Si l’on regarde par exemple l’éthos médiéval de Gilles de Rome, cette discontinuité est certainement nuancée. Michel Senerard a pu le démontrer dans ses Principes de gouvernement. [3] Comme on est parfois près d’un renversement machiavélique. James Hankins prend également grand soin de construire des ponts pour rappeler l’impact durable de certains textes médiévaux. En cela, l’auteur présente une vision cohérente d’une « politique de la vertu » humaniste, tout en rejetant l’idée d’une rupture trop nette entre les périodes chroniques traditionnelles, pointant vers un point médian entre le Moyen Âge et le Moyen Âge. un recentrage sur l’humanisme politique. et Machiavel, Guichardin et le siècle de la raison d’État.

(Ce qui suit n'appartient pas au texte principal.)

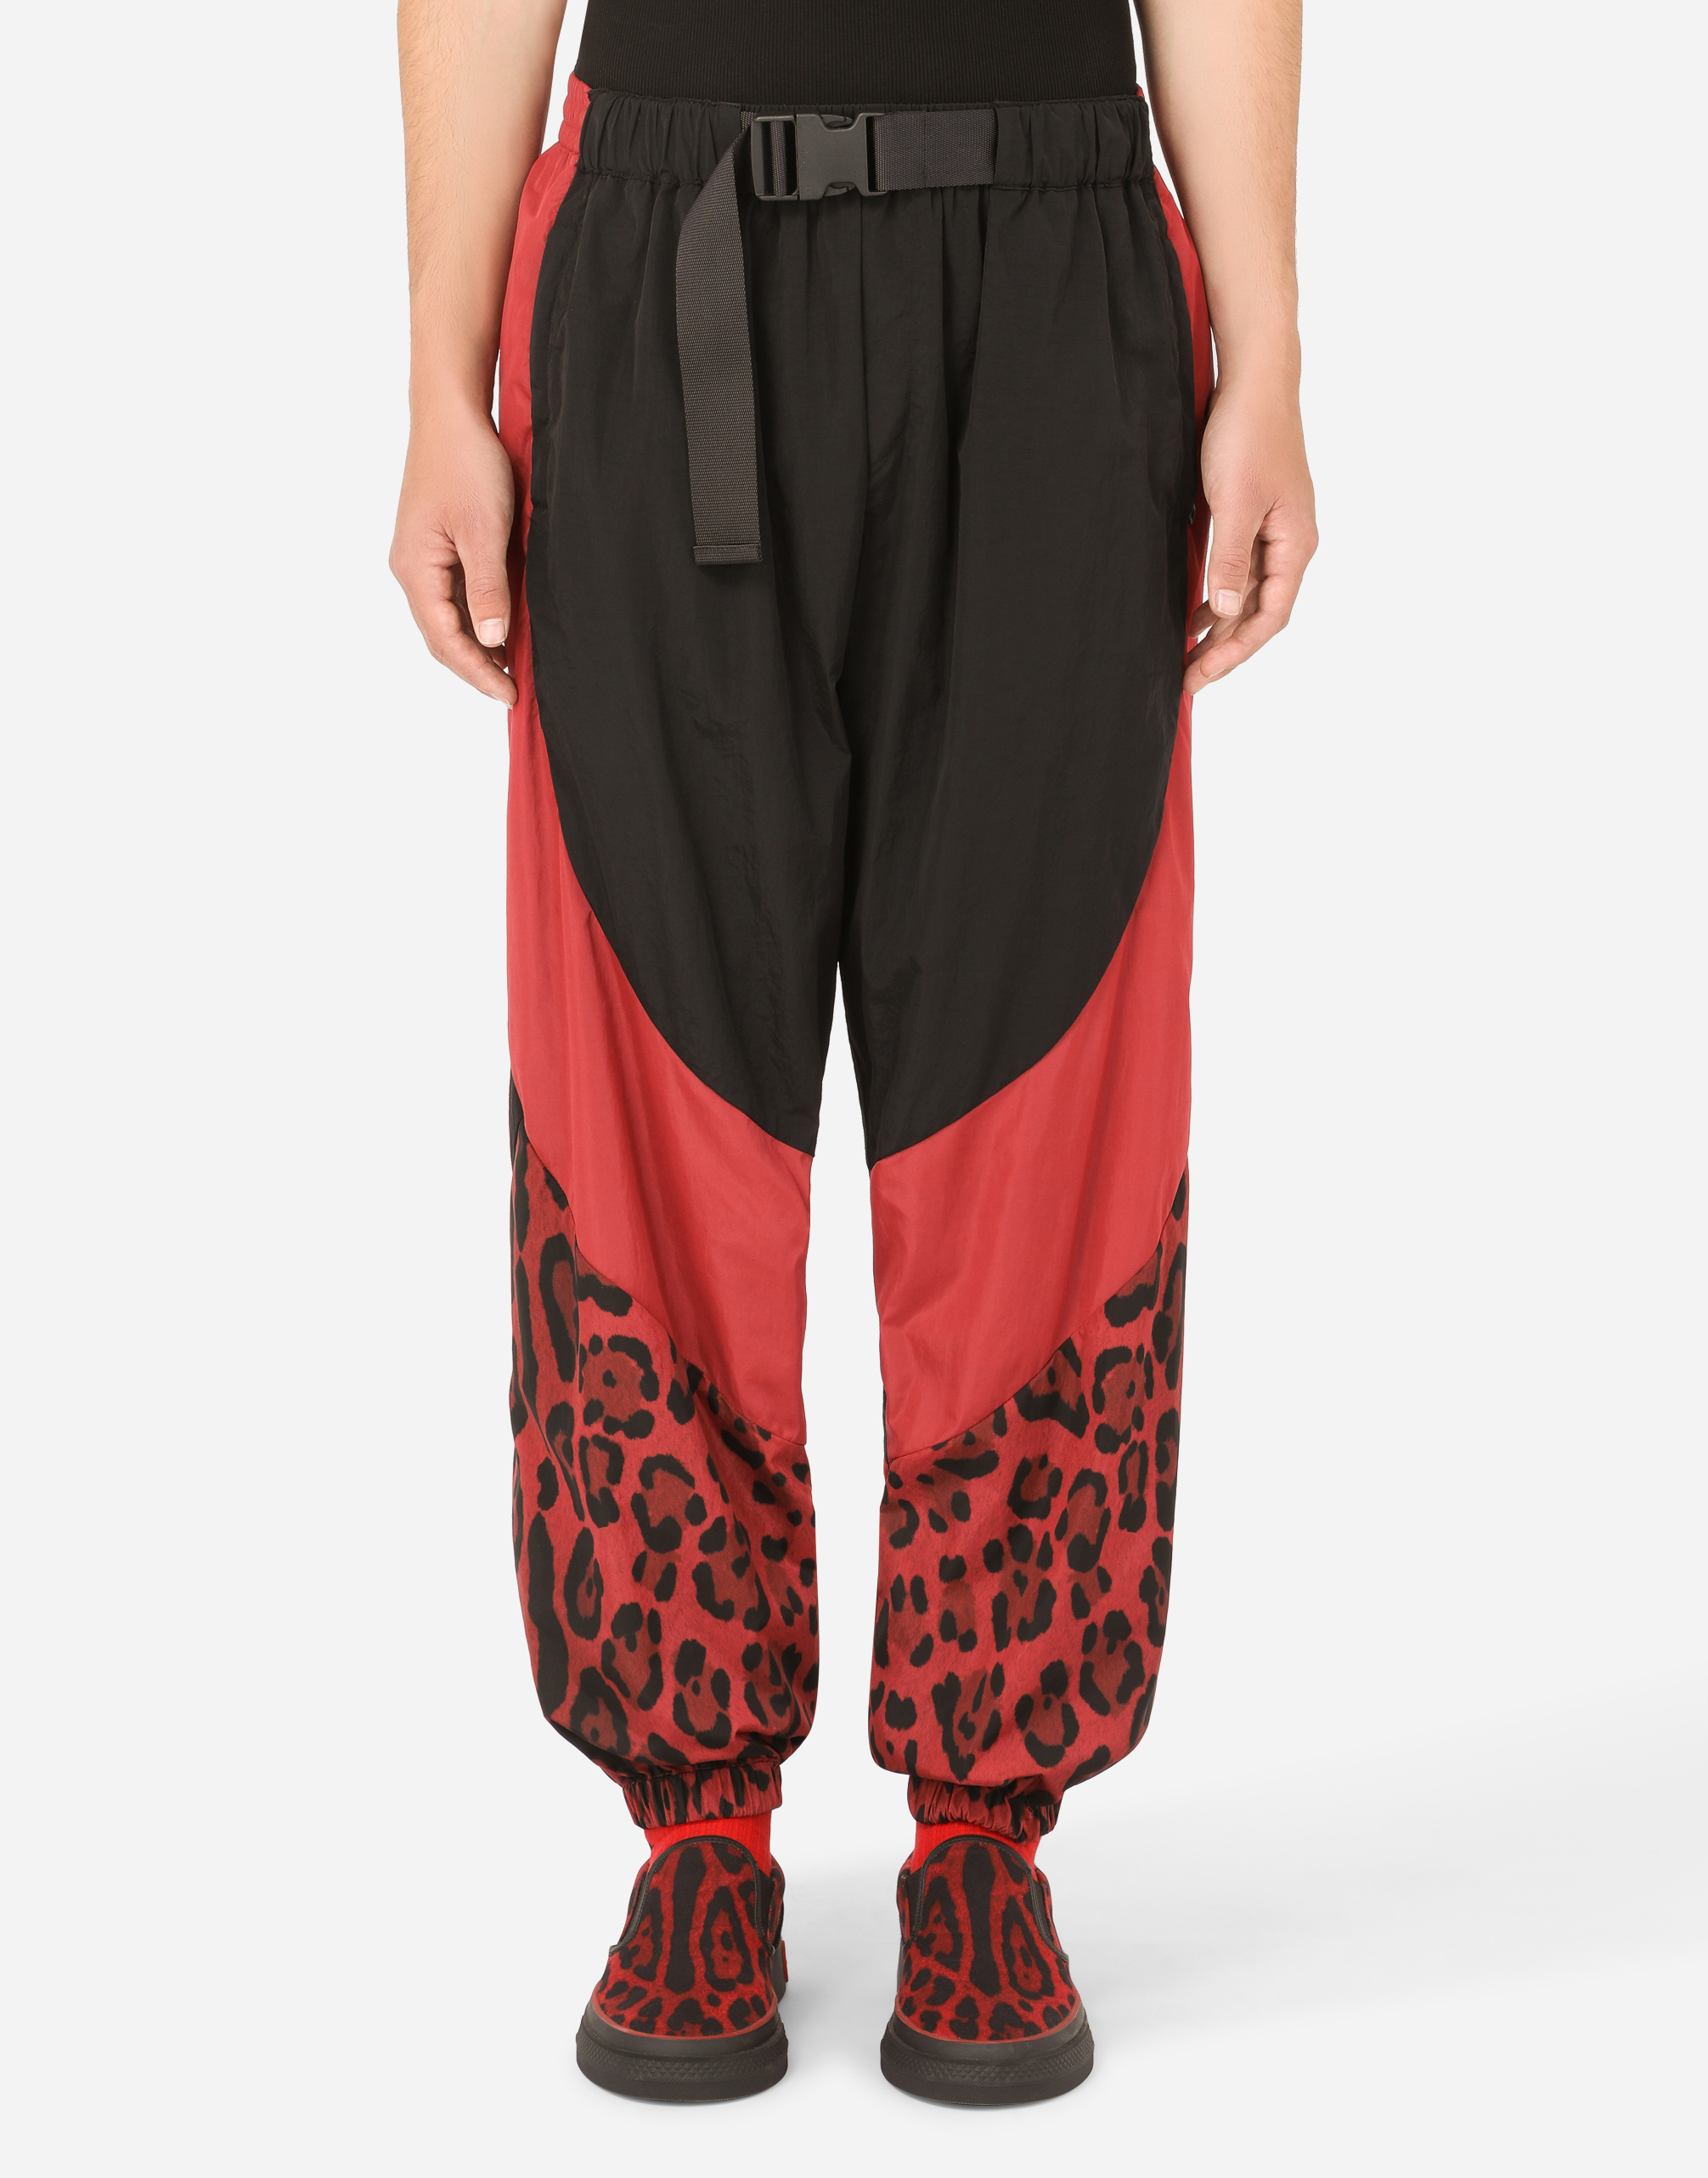 Nylon jogging pants with leopard print in Multicolor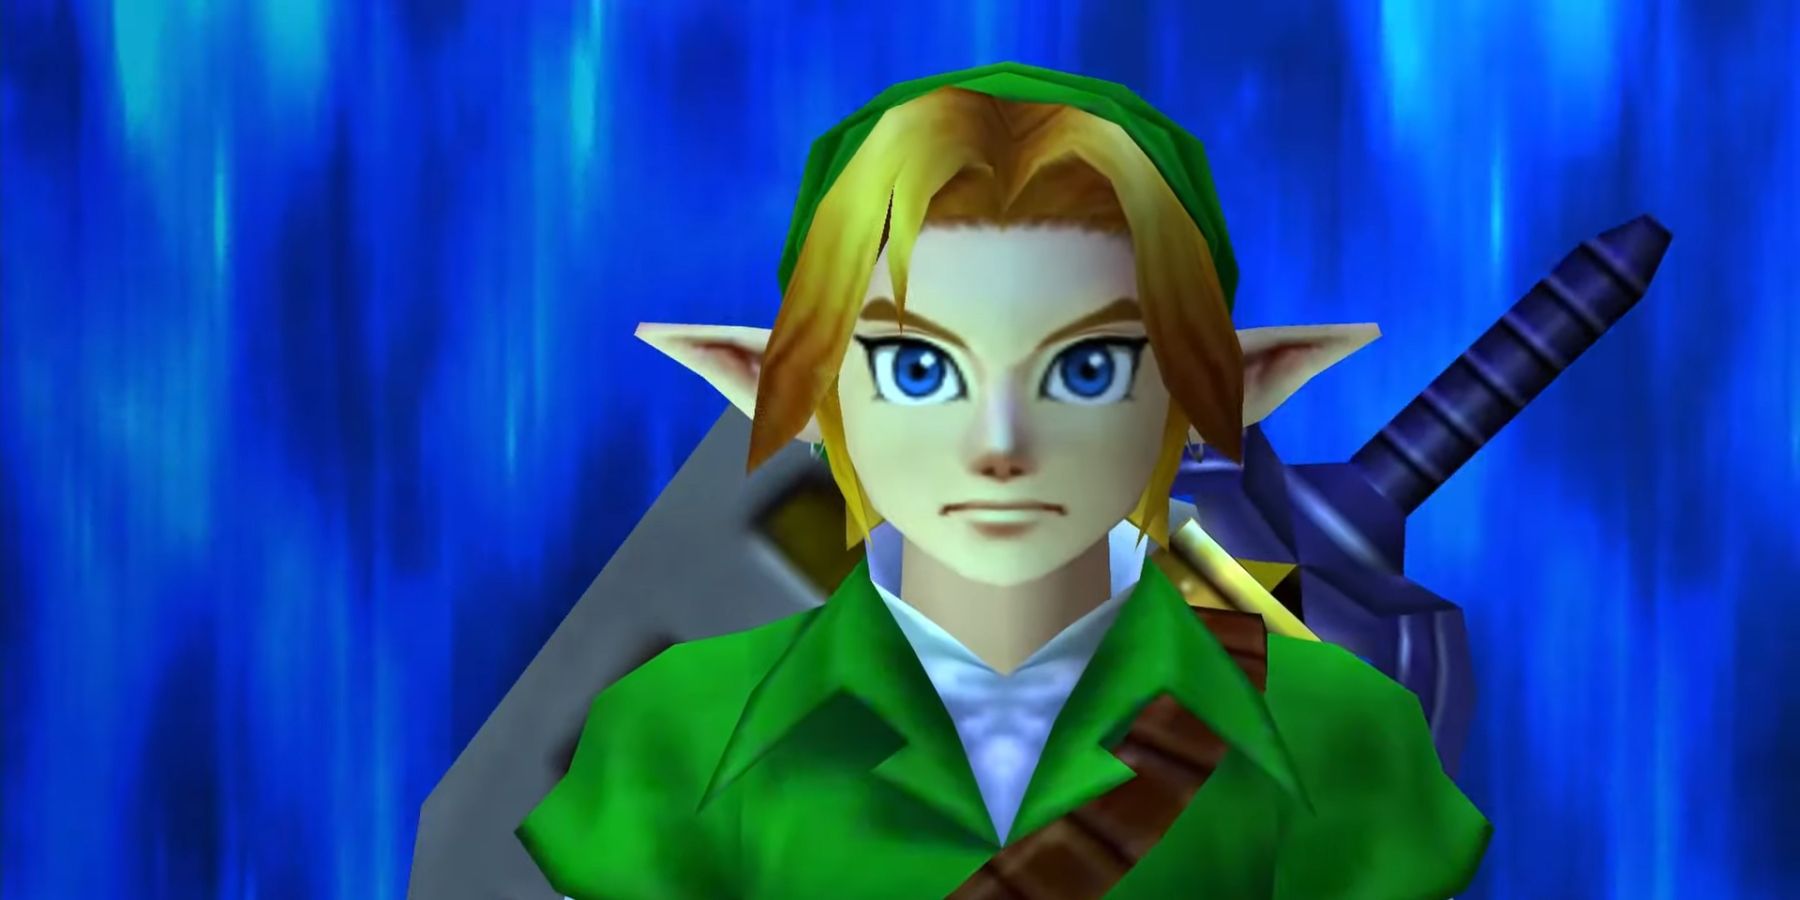 5. "Link with Blue Hair" by Ocarina of Time - wide 7

Loin de minimiser la nouveauté qu’incarnait Machiavel, la fin de l’ouvrage lui est avant tout dédiée (p. 423-494). Surtout, la politique de la vertu permet de mieux comprendre en quoi elle consiste. Un siècle d’humanisme éclaire la figure du scribe florentin et nous aide à comprendre comment on passe du règne de la vertu à la vertu pratique du prince. Cela affecte également nos opinions politiques modernes. C’est du moins la conviction, ou peut-être le désir, de l’auteur. James Hankins jette un regard à peine voilé sur certains de nos dirigeants actuels, soulignant la notion ancienne selon laquelle les bons dirigeants sont avant tout bons envers leur peuple, et que la rébellion n’est jamais simplement le symptôme d’un mauvais gouvernement. S’il y a une leçon qu’il doit retenir des humanistes, c’est que sans autorité morale, il n’y a pas d’autorité politique.
James Hankins, « La politique de la vertu ». Soulcraft and Statecraft in Renaissance Italy, Cambridge (Massachusetts), Harvard University Press, 2019, 768 pages.